EPCs were characterized as adherent cells that were doubly-positive for lectin and Di-LDL. The toxic effects of oxLDLs were examined in EPCs; oxLDL significantly decreased the number of EPCs. IGF-1 (0.1 or 0.5 µg/ml) significantly prevented the decrease of EPCs caused by oxLDLs; the effect of 0.5 µg/ml IGF-1 was more marked. When EPCs were incubated with L-NAME (100 µM), 0.5 µg/ml IGF-1 and oxLDL for 24 h, L-NAMsE significantly decreased the protective effect of IGF-1 against oxLDL (Fig. 2B). These results suggest that IGF-1 may protect EPCs against the toxic effects of oxLDL.

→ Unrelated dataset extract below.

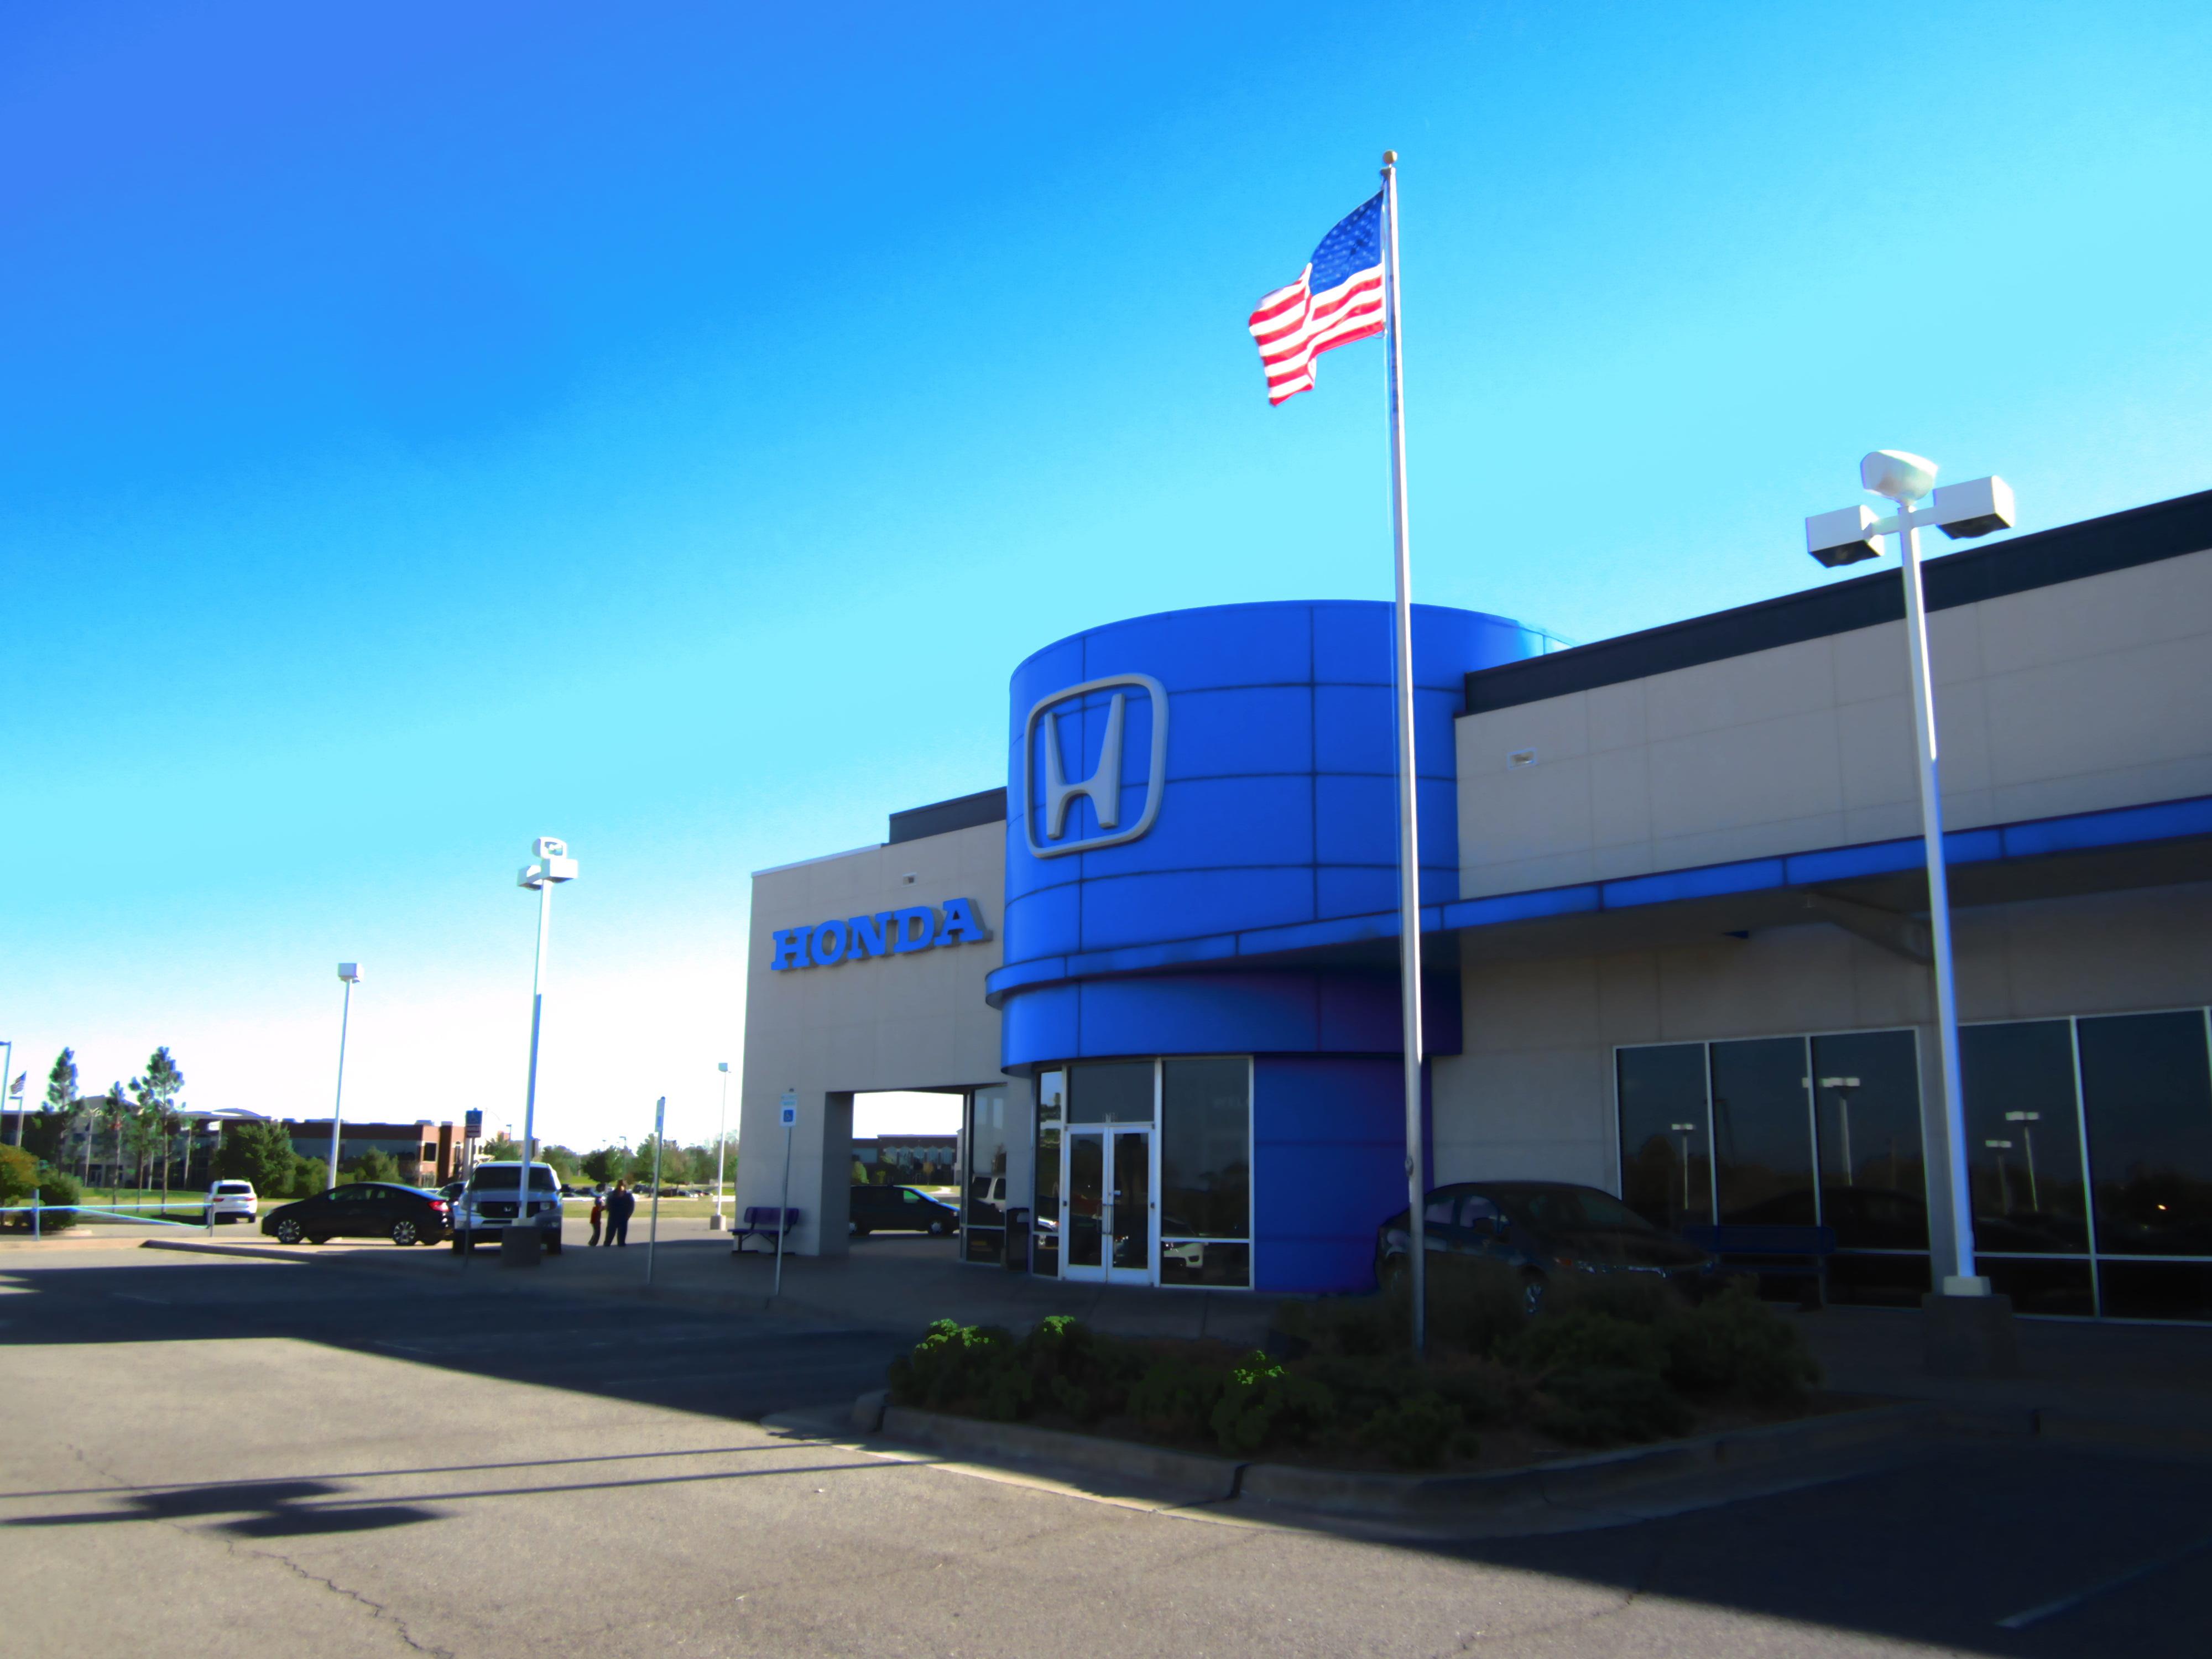 Battison honda 8700 nw expressway oklahoma city ok 73162 for Honda dealers okc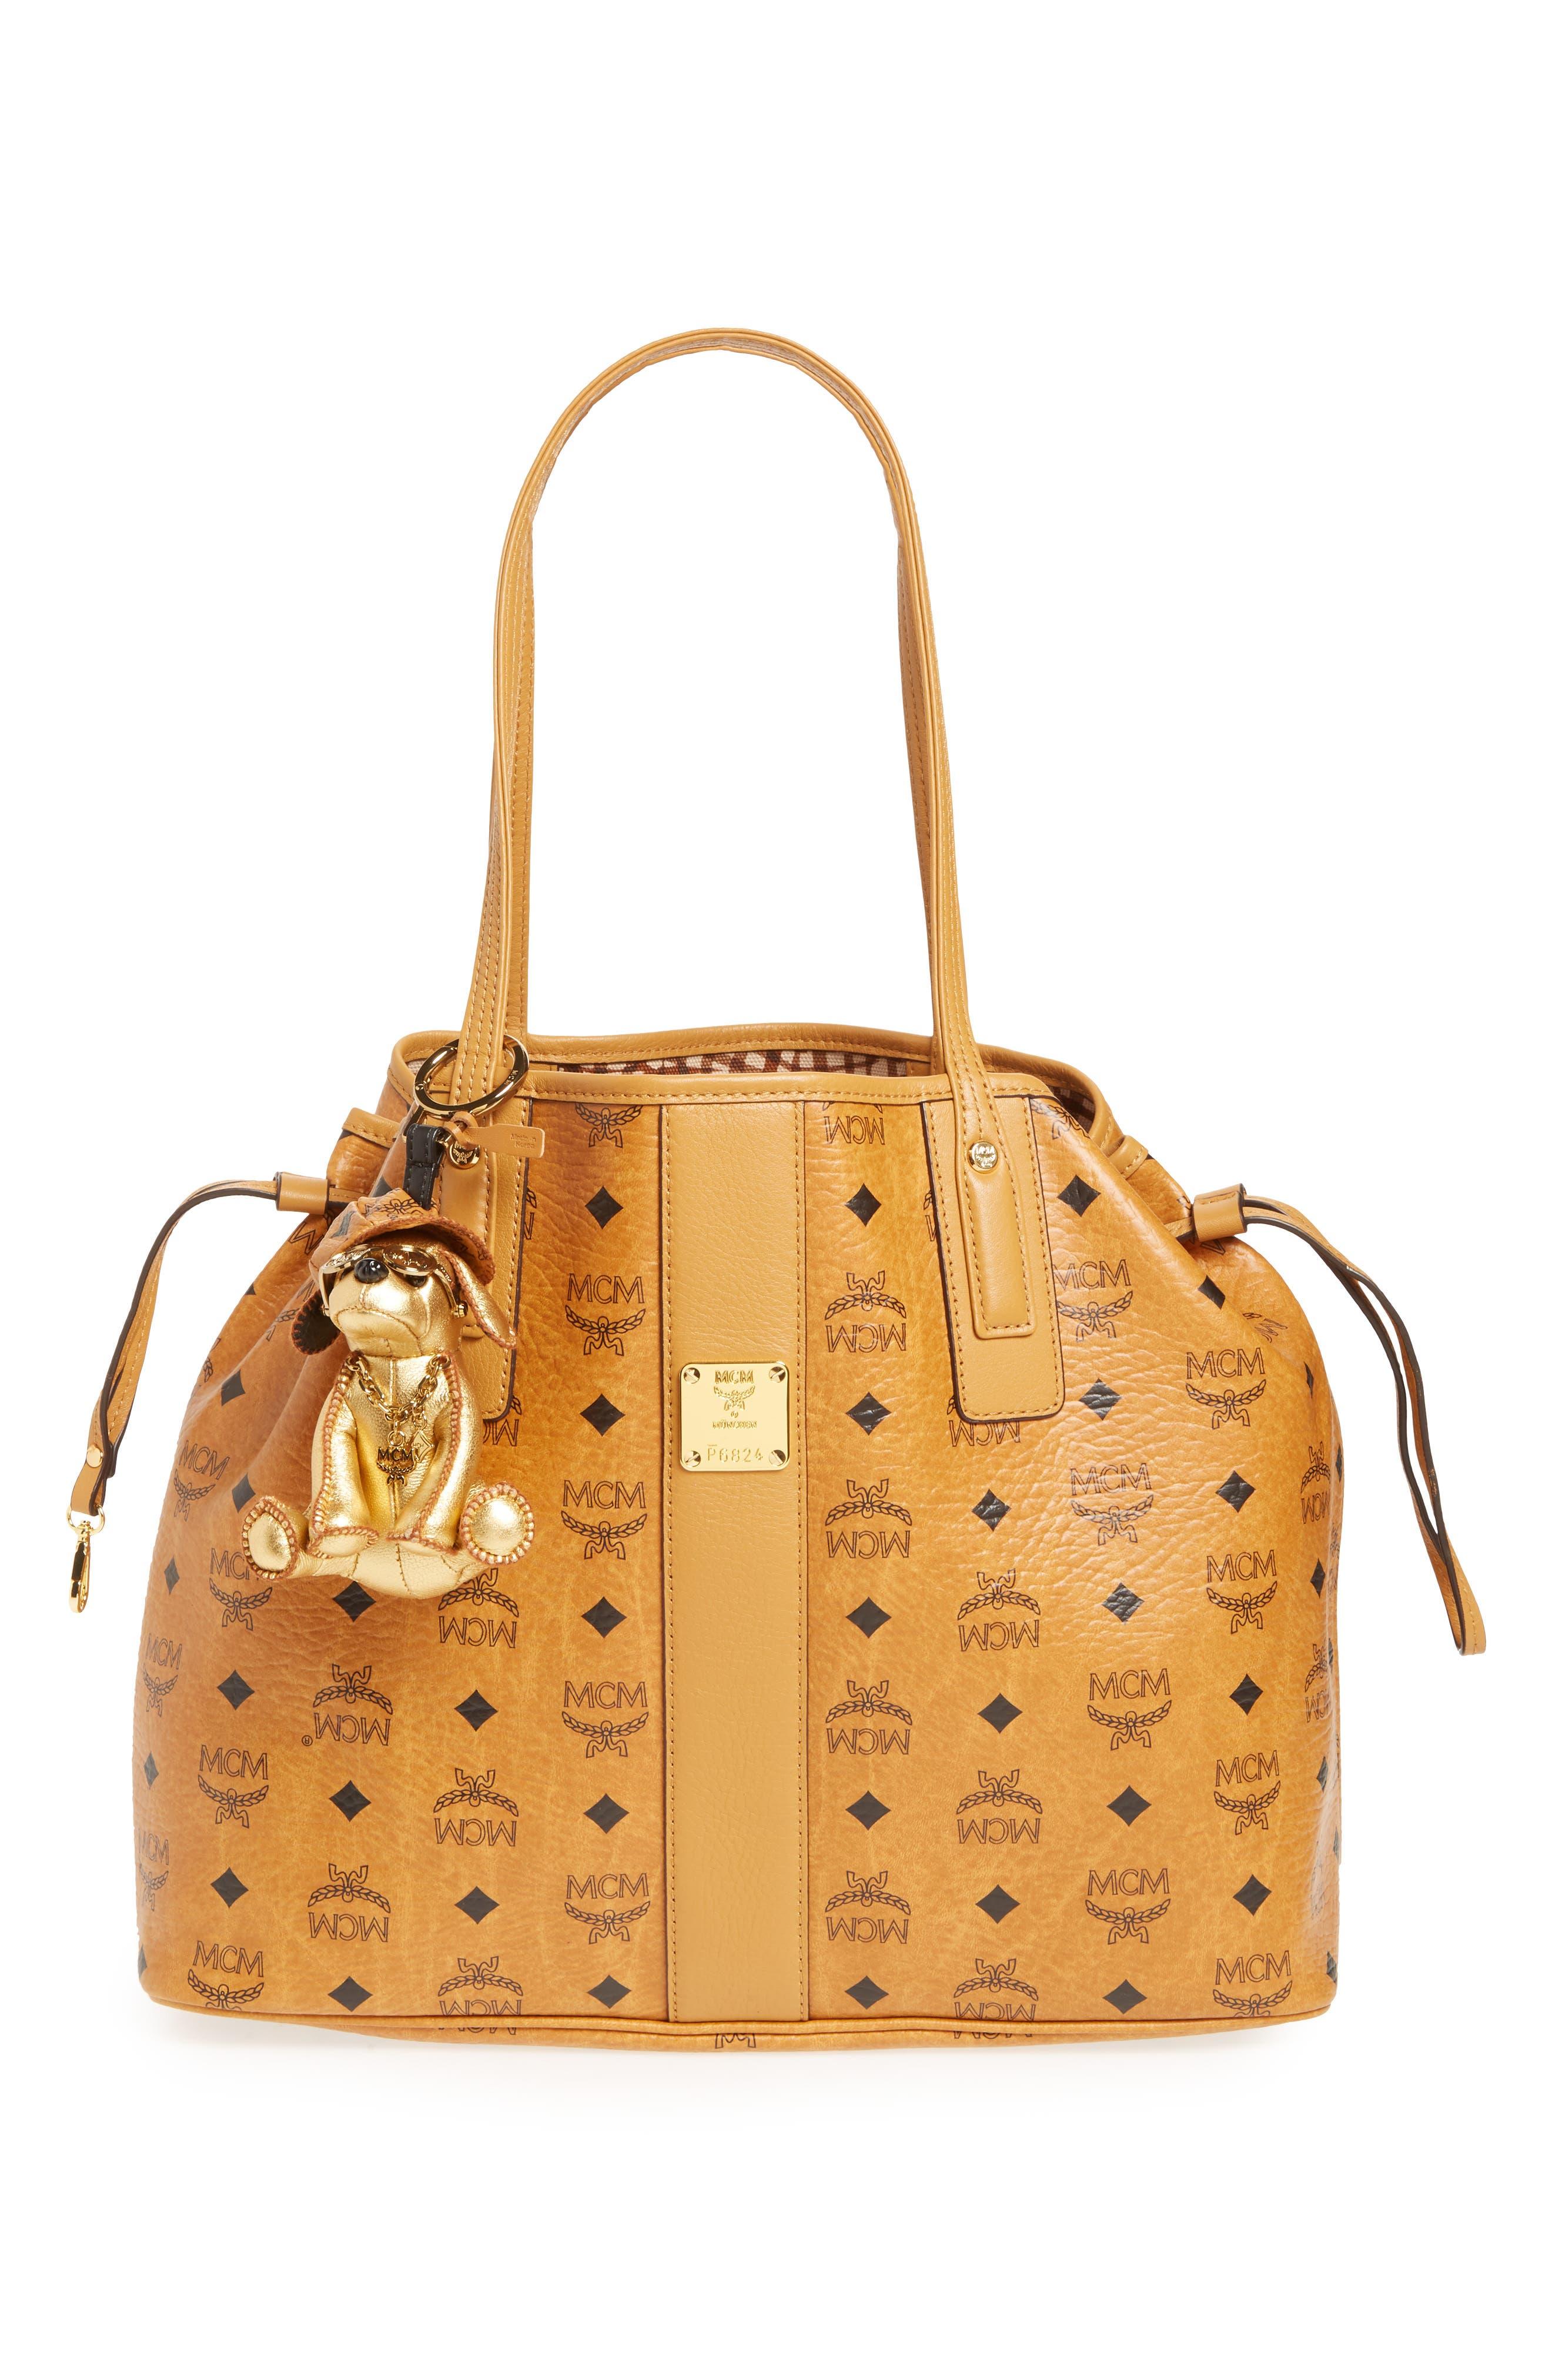 Dog Metallic Leather Bag Charm,                             Alternate thumbnail 2, color,                             Gold

The increase in the number of EPCs following IGF-1 treatment may be attributed to a combination of factors, including inhibition of apoptosis and stimulation of proliferation. Therefore, the levels of apoptosis and proliferation of EPCs were examined following oxLDL challenge and in response to IGF-1. The results of the MTS assay demonstrated that treatment of EPCs with IGF-1 significantly prevented EPC apoptosis and improved EPC proliferation. These effects were significantly attenuated by L-NAME (Fig. 3A and B).

As the eNOS/NO axis may serve a role in the effects of IGF-1 on EPCs, the effects of IGF-1 on the eNOS protein were examined, and the effects of L-NAME, an eNOS inhibitor. NO generation was decreased by treatment with 100 mg/ml oxLDLs. This inhibitory effect of oxLDLs was prevented by the presence of 0.5 µg/ml IGF-1. Treatment with L-NAME significantly decreased NO generation compared with the 0.5 µg/ml IGF-1 group (Fig. 3C). To verify the hypothesis that IGF-1 protects EPCs against oxLDL through the eNOS pathway, eNOS protein expression was assessed by western blot analysis. Incubation of EPCs with 100 mg/ml oxLDL significantly suppressed eNOS protein expression. Pretreatment with IGF-1 caused a partial restoration of the downregulation of eNOS protein expression induced by oxLDL (Fig. 3D).